The Sunbeam was a named passenger train between Houston and Dallas on the Texas and New Orleans Railroad (T&NO), a subsidiary of the Southern Pacific Railroad (SP). The train carried number 13 northbound and number 14 southbound.

The Sunbeam began in 1925 as a heavyweight train. In June 1926 it took 6 1/2 hours each way, leaving Houston at noon and Dallas at 1:25 p.m.; in August 1937 it scheduled fifteen regular and flag stops in the 6 1/2-hour run. The Sunbeam was re-equipped on September 19, 1937, as a streamlined train in the Daylight paint scheme. The T&NO streamlined three P-14 class 4-6-2 Pacific locomotives and painted them with their Vanderbilt tenders in Daylight colors.

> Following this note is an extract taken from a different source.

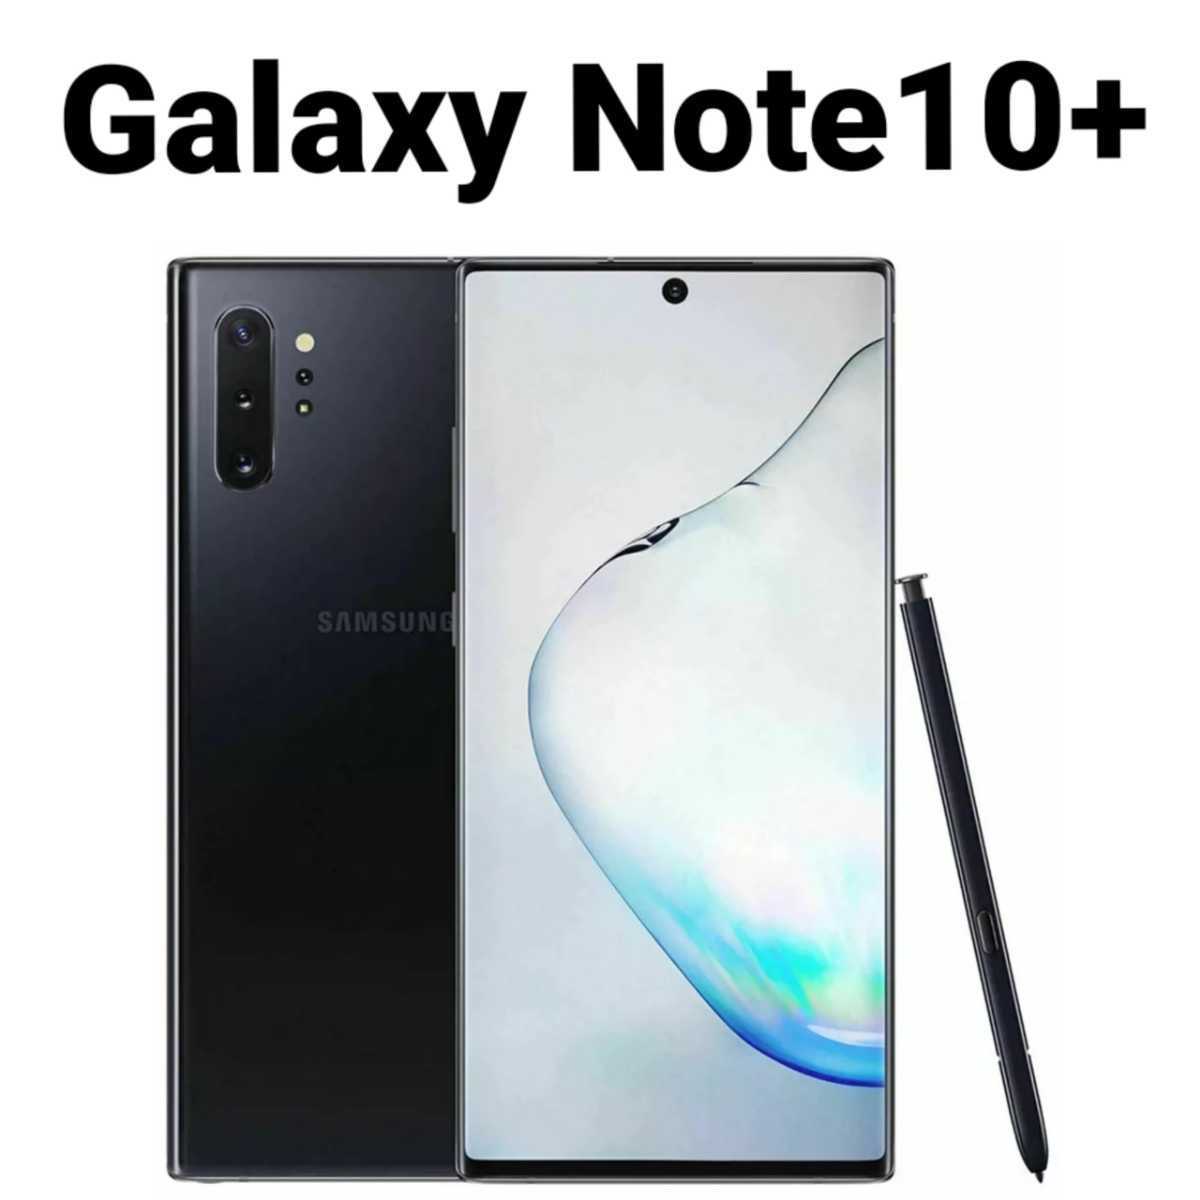 Galaxy Note10+ オーラブラック SIMフリー シャッター音なし 海外版

The initial streamliner schedule over the 264 mi was 4 hours 45 minutes. Beginning June 1, 1938, the train made no passenger stops between the two largest cities in Texas, and the schedule was trimmed by twenty minutes to 4 hours 25 minutes (265 minutes) each way. The schedule was intended to match the competition, the Burlington-Rock Island's Texas Rocket and Sam Houston Zephyr, which ran 249.6 mi between Houston and Dallas in 250 minutes and terminated in Fort Worth.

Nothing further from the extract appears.